If you can work out that way - ideal.


----------



## klunman

Hi there! 
We moved to NZ and rented in Petone for 12 months. We loved it there!! In the end, we moved slightly north to Alicetown to get zoned for a better school for our now 5 year old daughter (and rent for a WARM house is a tiny bit cheaper). I have a blog that you might find useful - kids in tow dot co dot nz (not allowed to post urls)

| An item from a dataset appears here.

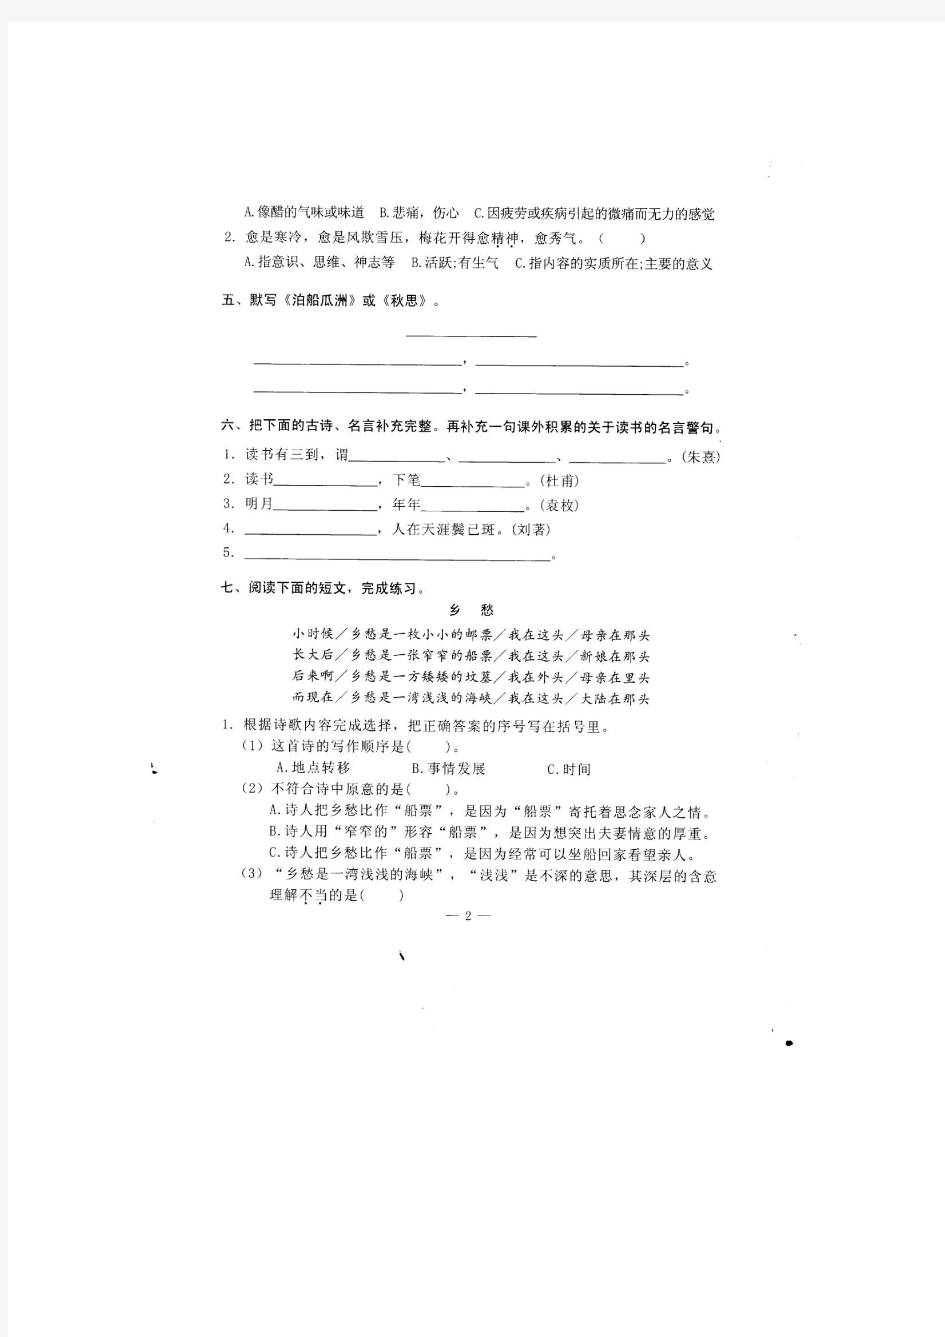 广州市2013年学年第一学期小学语文五年级综合练习参考内容(一)
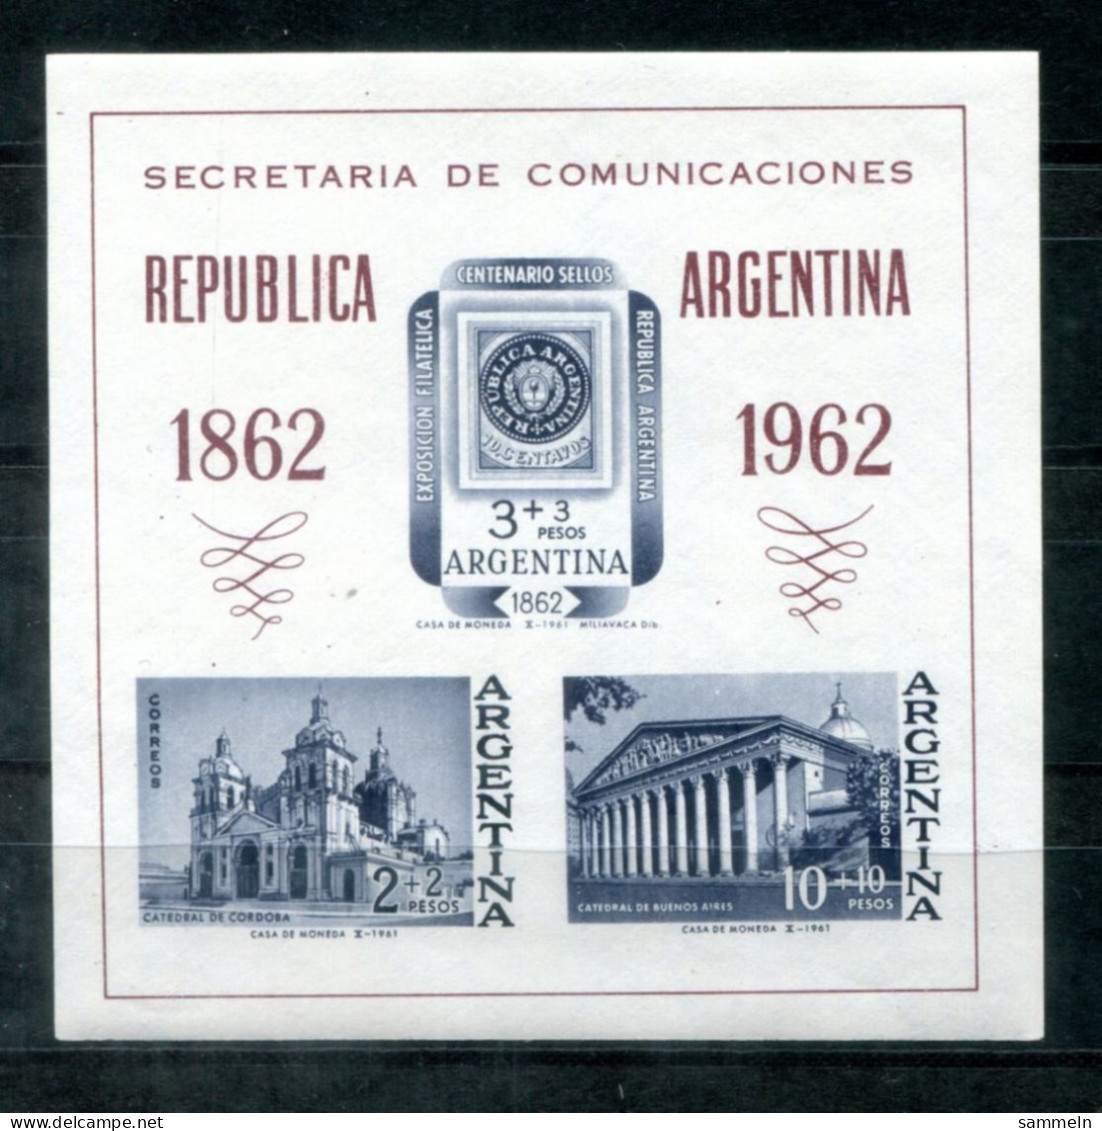 ARGENTINIEN Block 15, Bl.15 Mnh - Marke Auf Marke, Stamp On Stamp, Timbre Sur Timbre - ARGENTINA / ARGENTINE - Blocs-feuillets

I share in your frustrations that no one really wants to talk to you until you actually ARRIVE here….and then once you are here, you have to sign a 12 month lease!! Try to negotiate on this one down if you are concerned about the house for some reason. Ask about insulation and make sure there is at least a heat pump. 
Woburn and Waterloo are both great for kids but if you love to be closer to the beach and in a vibrant area, Petone and Eastbourne are great. With Eastbourne you have to contend with the road in and out but it is a MAGNIFICENT area that gets all day sun and a fabulous tight-knit community. Petone (and Eastbourne for that matter) has lots of playgroups and things for littlies to do (Library story time, mainly music) AND close to the beach. 
Cheers, Kristen


----------



## irishinwelly

Thanks everyone for all your help. Really helpful and we are getting closer to the date when we finally arrive and start our new life.


----------